Red Scar and Tun Brook Woods
- Location of Red Scar and Tun Brook Woods.
- Area of search: Lancashire
- Grid reference: SD590324
- Coordinates: 53°47′11″N 2°37′26″W﻿ / ﻿53.786295°N 2.6237642°W
- Area: 157.89 acres (0.6390 km^{2}; 0.2467 sq mi)
- Notification date: 1986

= Red Scar and Tun Brook Woods =

Woodland in Lancashire, England

Red Scar and Tun Brook Woods is a Site of Special Scientific Interest in the River Ribble valley near Elston, northeast of Preston, in Lancashire, England.
== Description ==
This protected area includes Boilton woods and Nab woods and is one of the largest areas of deciduous woodland in Lancashire. These woodlands are dominated by ash and wych elm. Woodland herbaceous plants include enchanter's nightshade and dog's mercury. Common bluebell is also present.

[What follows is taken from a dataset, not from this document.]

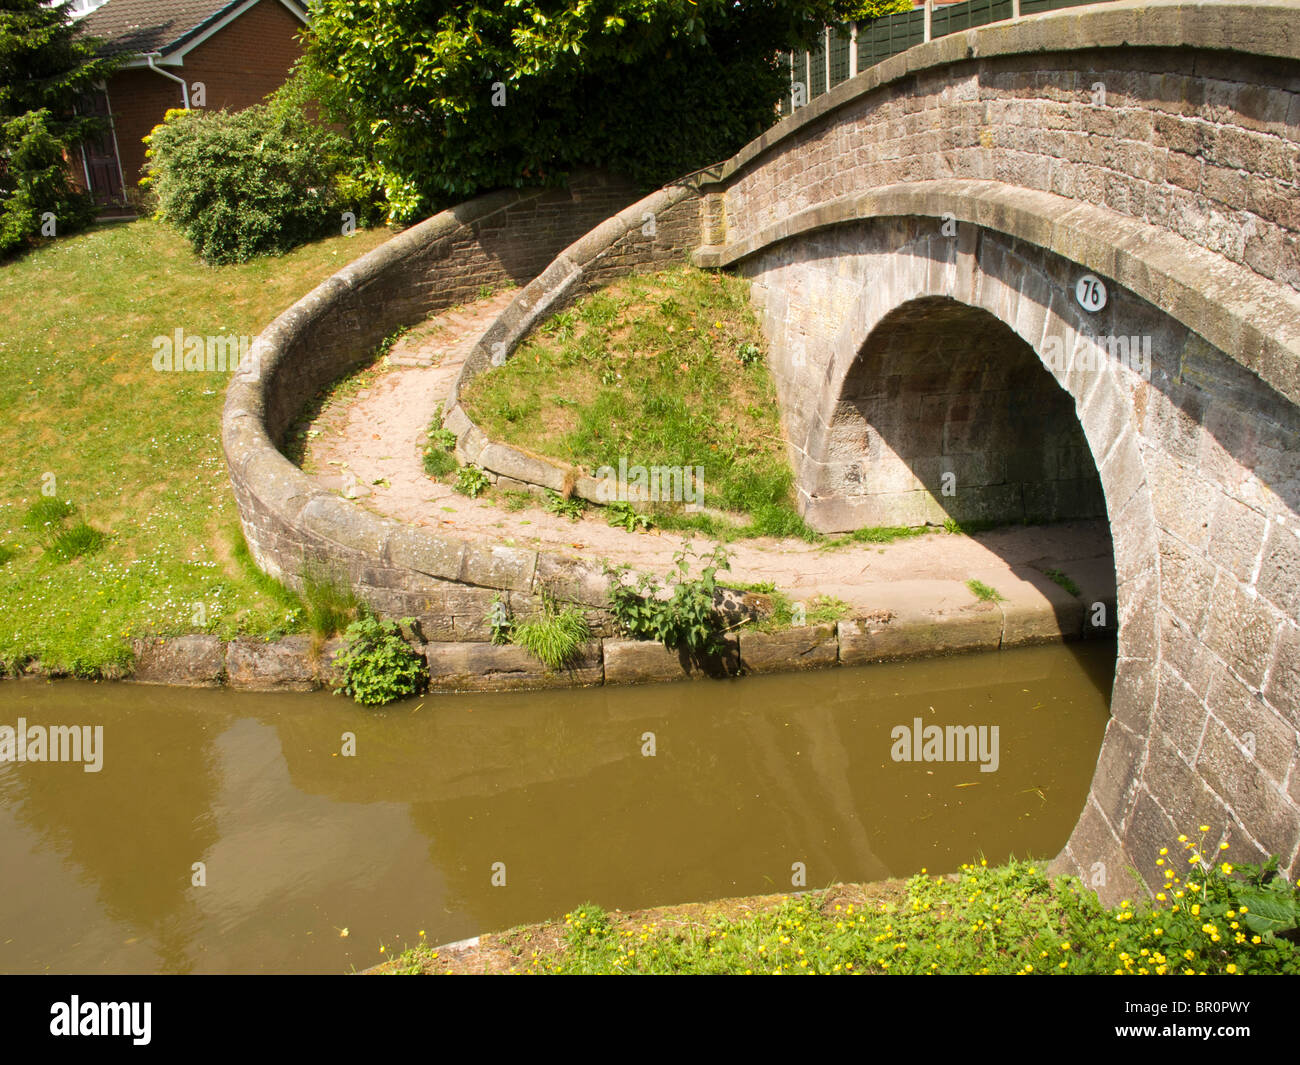 UK, England, Cheshire, Congleton, Macclesfield canal, bridge with curved path to allow horses to change towpath Stock Photo

Insects present include white letter hairstreak butterfly (their caterpillars feed on wych elm leaves) and oak bush cricket.

The Wildlife Trust for Lancashire, Manchester & North Merseyside manages parts of this protected area.

Part of the land designated as Red Scar and Tun Brooks Woods SSSI is owned by the Church Commissioners.